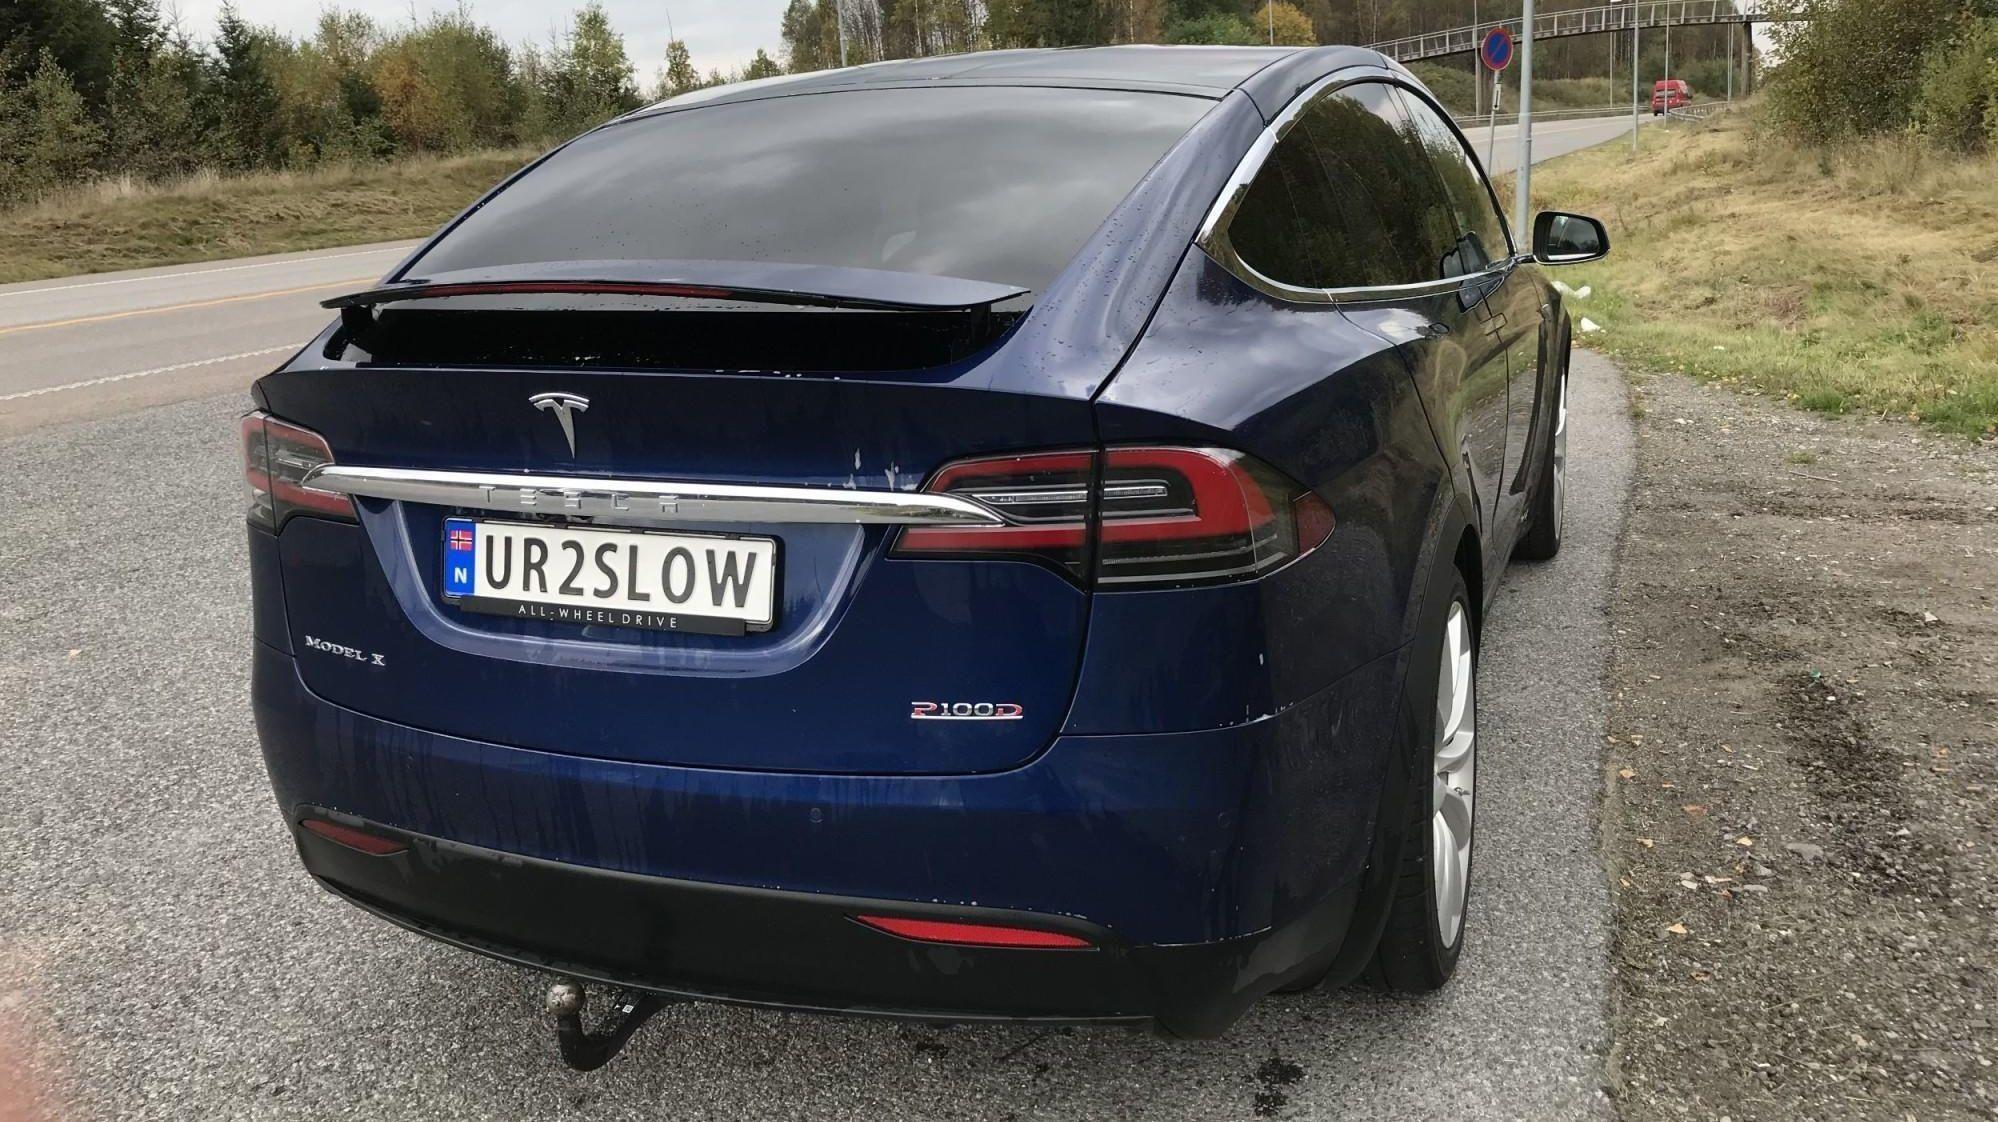 Tesla Model X P100D er en av verdens raskest akselererende biler. Eier Pål Henrik Thorkildsen (43) har valgt skiltene sine med teksten UR2SLOW fordi han synes det er morsomt, og fordi bilen er veldig rask ...
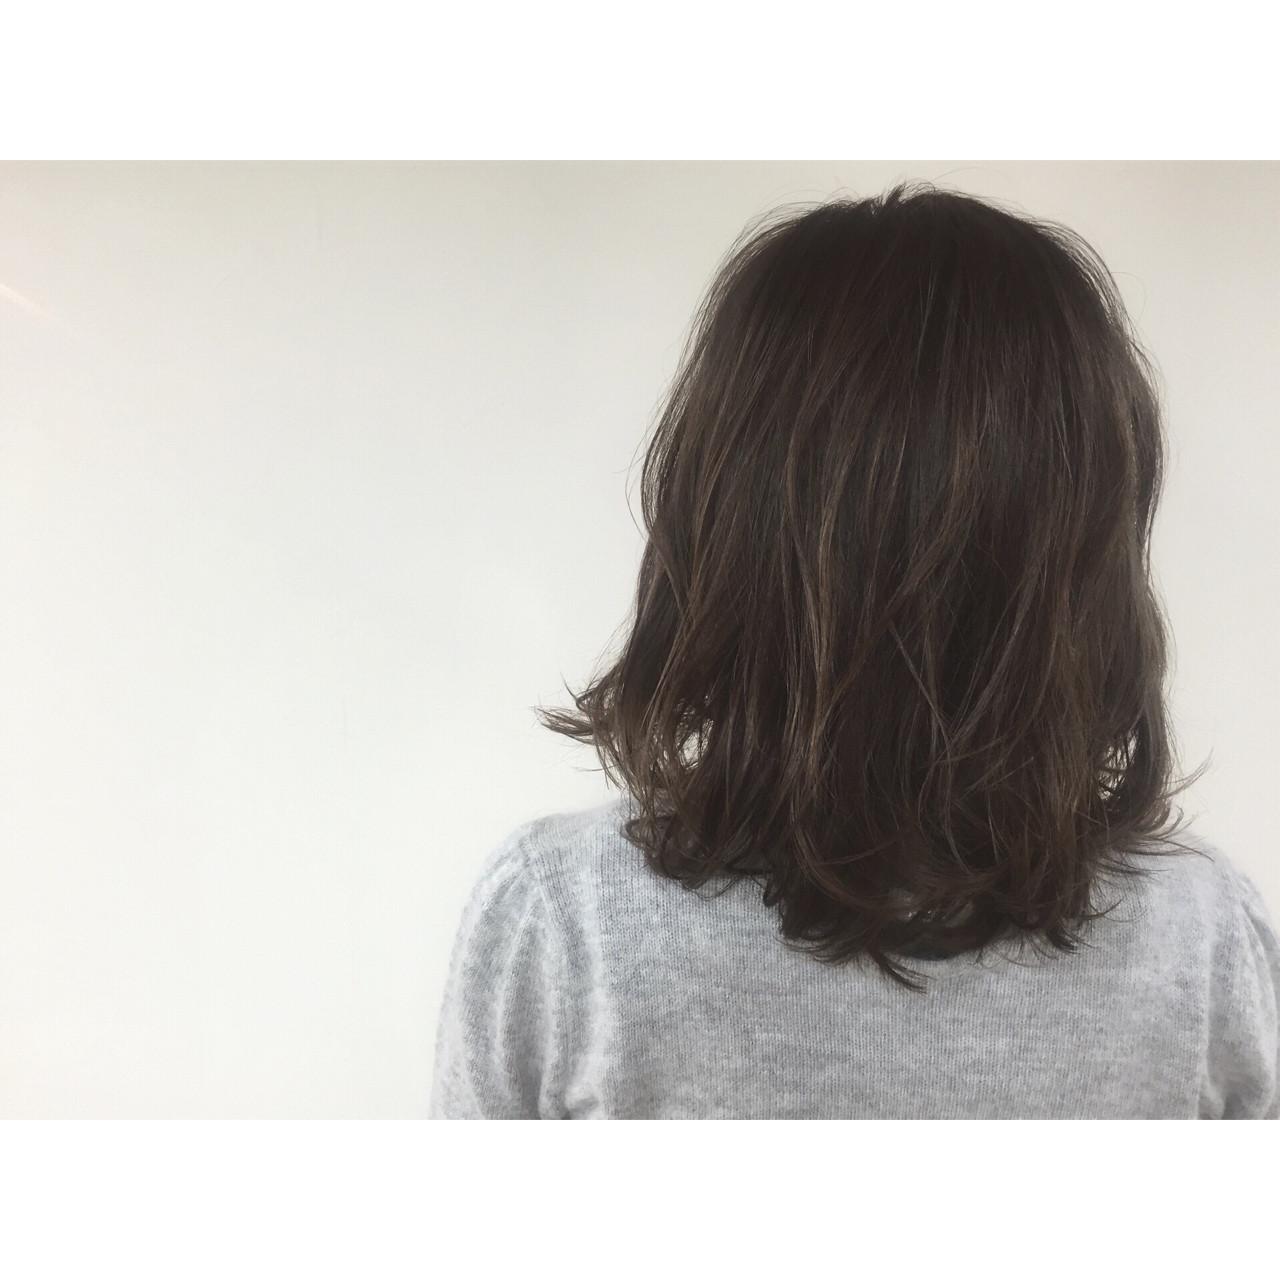 ヘアアレンジ ストリート 外国人風 ミディアム ヘアスタイルや髪型の写真・画像 | Tatsuya Hara / Corte
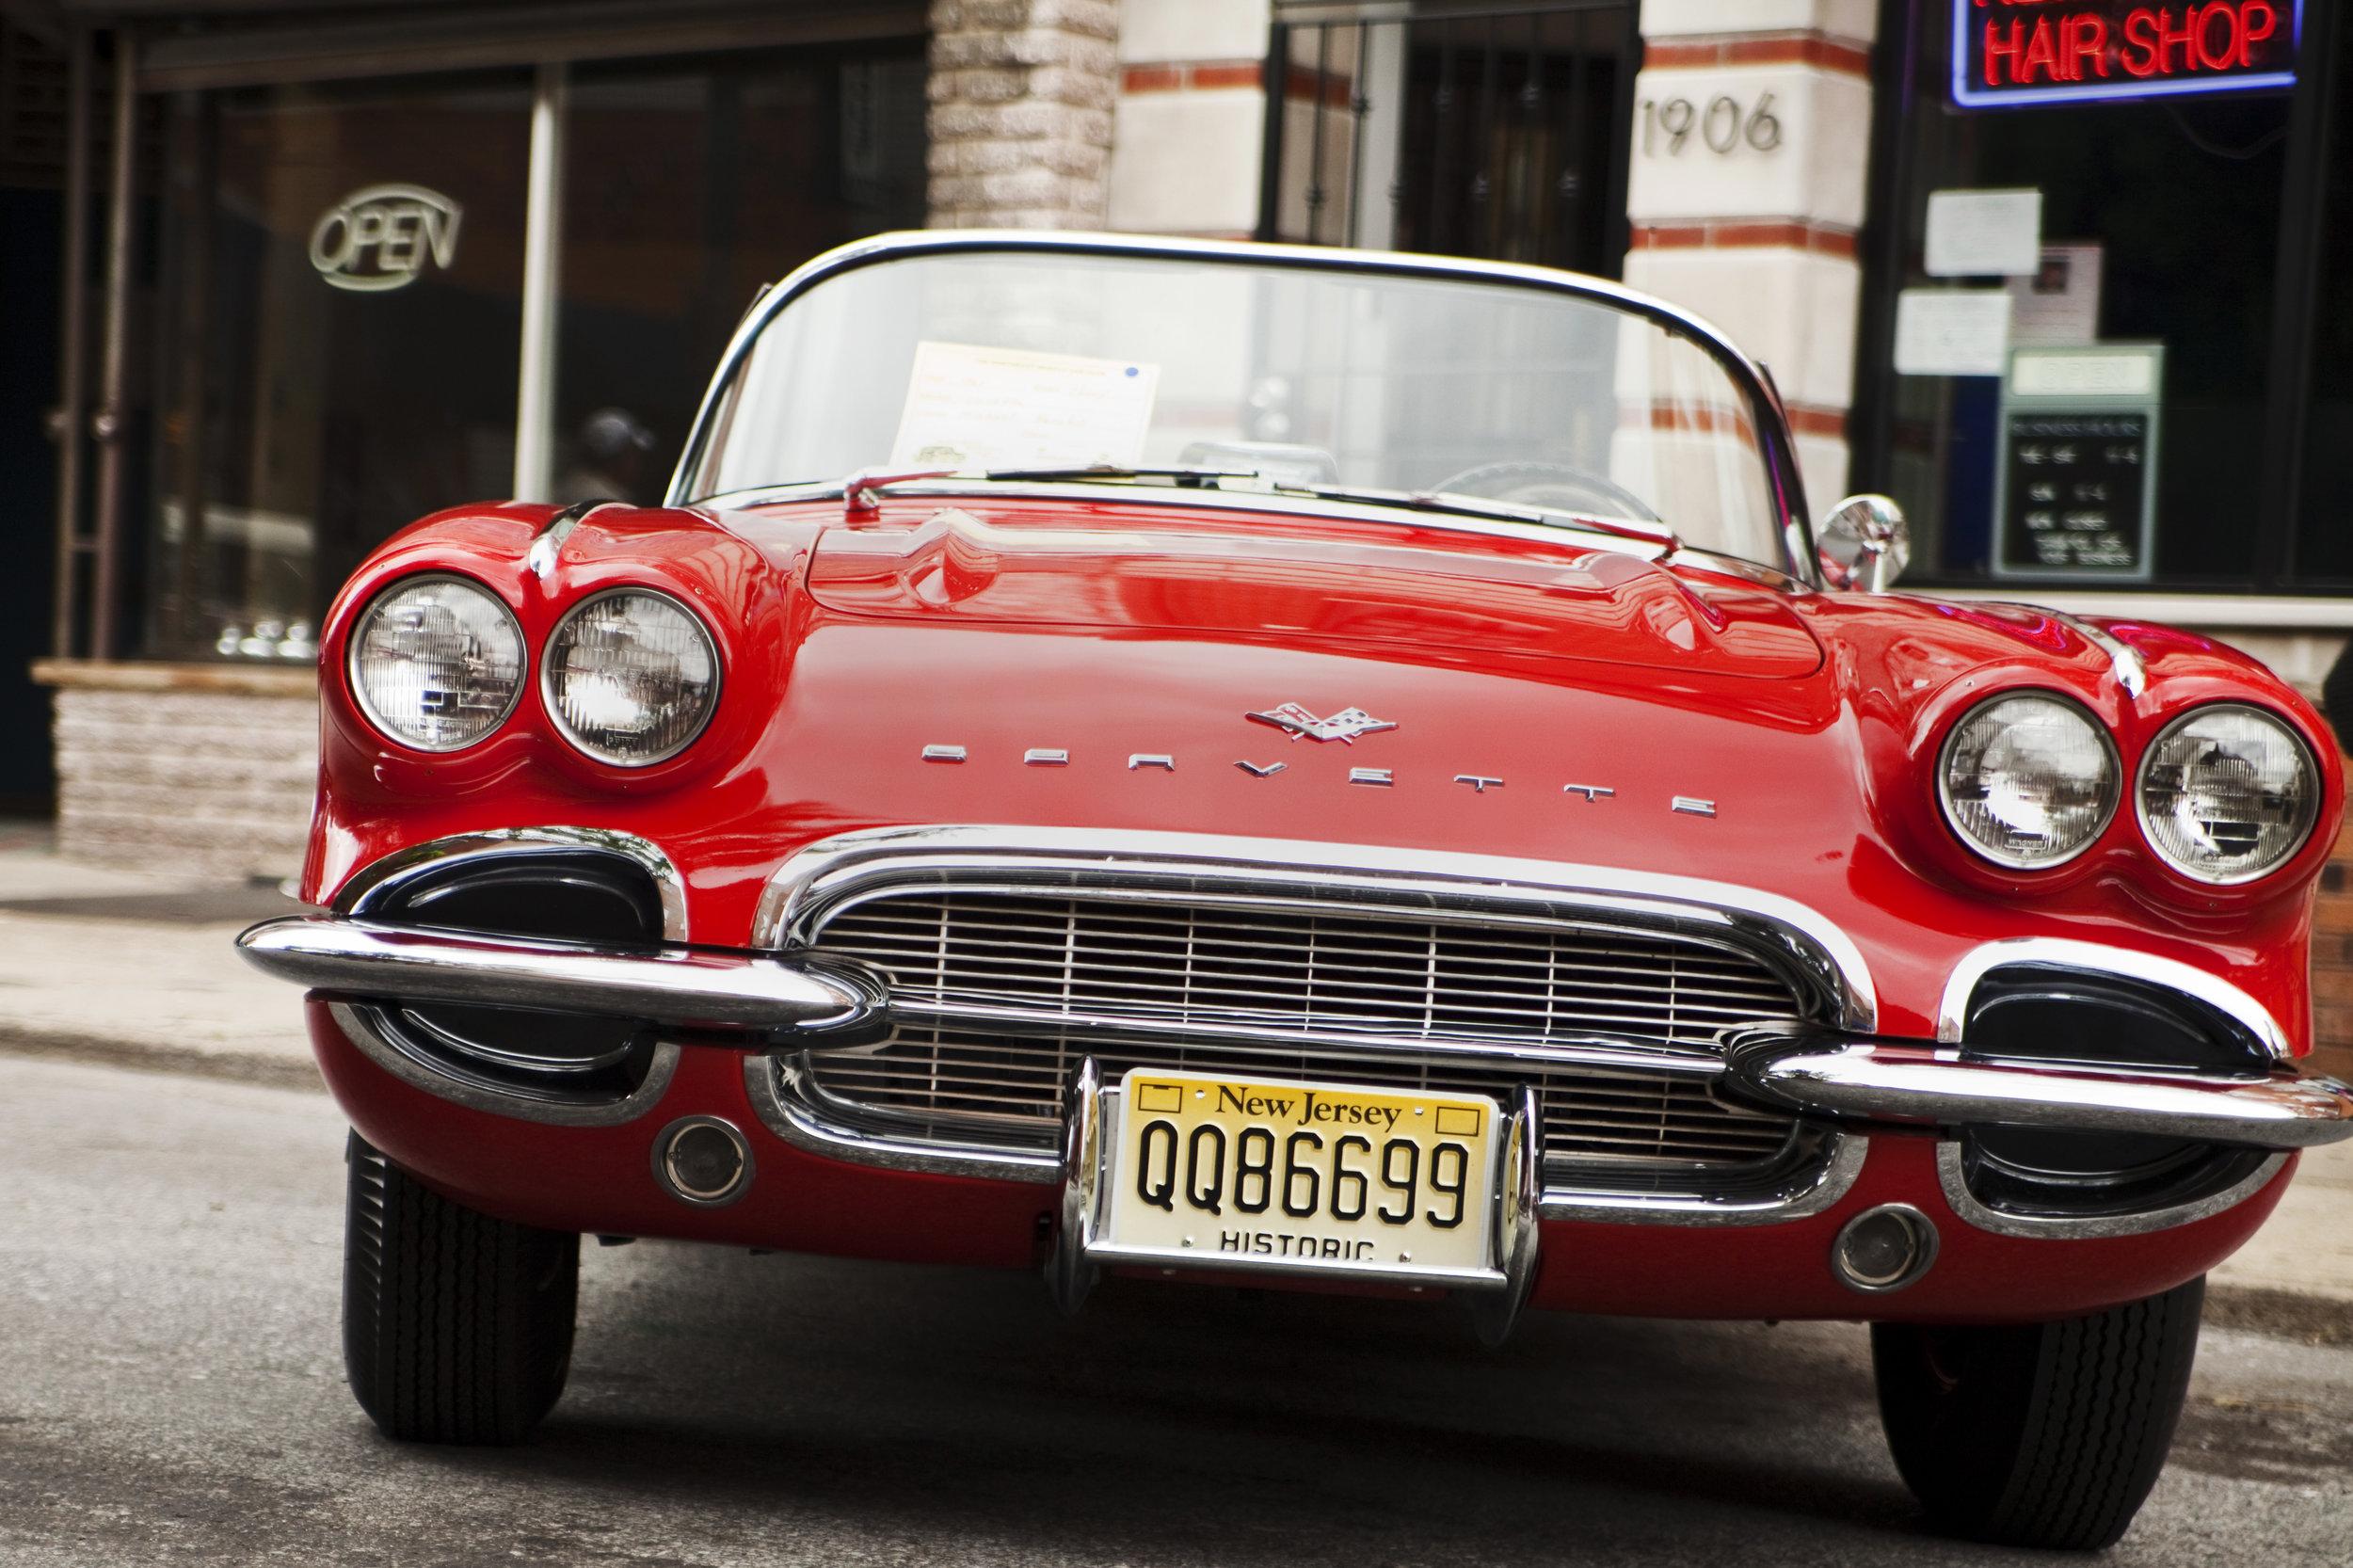 Car show, east passyunk avenue

▶ _Assignment_
Transcribe the material exactly, leaving every picture out.

▶ _Worked solution_
 Tesla Model X P100D er en av verdens raskest akselererende biler. Eier Pål Henrik Thorkildsen (43) har valgt skiltene sine med teksten UR2SLOW fordi han synes det er morsomt, og fordi bilen er veldig rask ...
 ヘアアレンジ ストリート 外国人風 ミディアム ヘアスタイルや髪型の写真・画像 | Tatsuya Hara / Corte
 Car show, east passyunk avenue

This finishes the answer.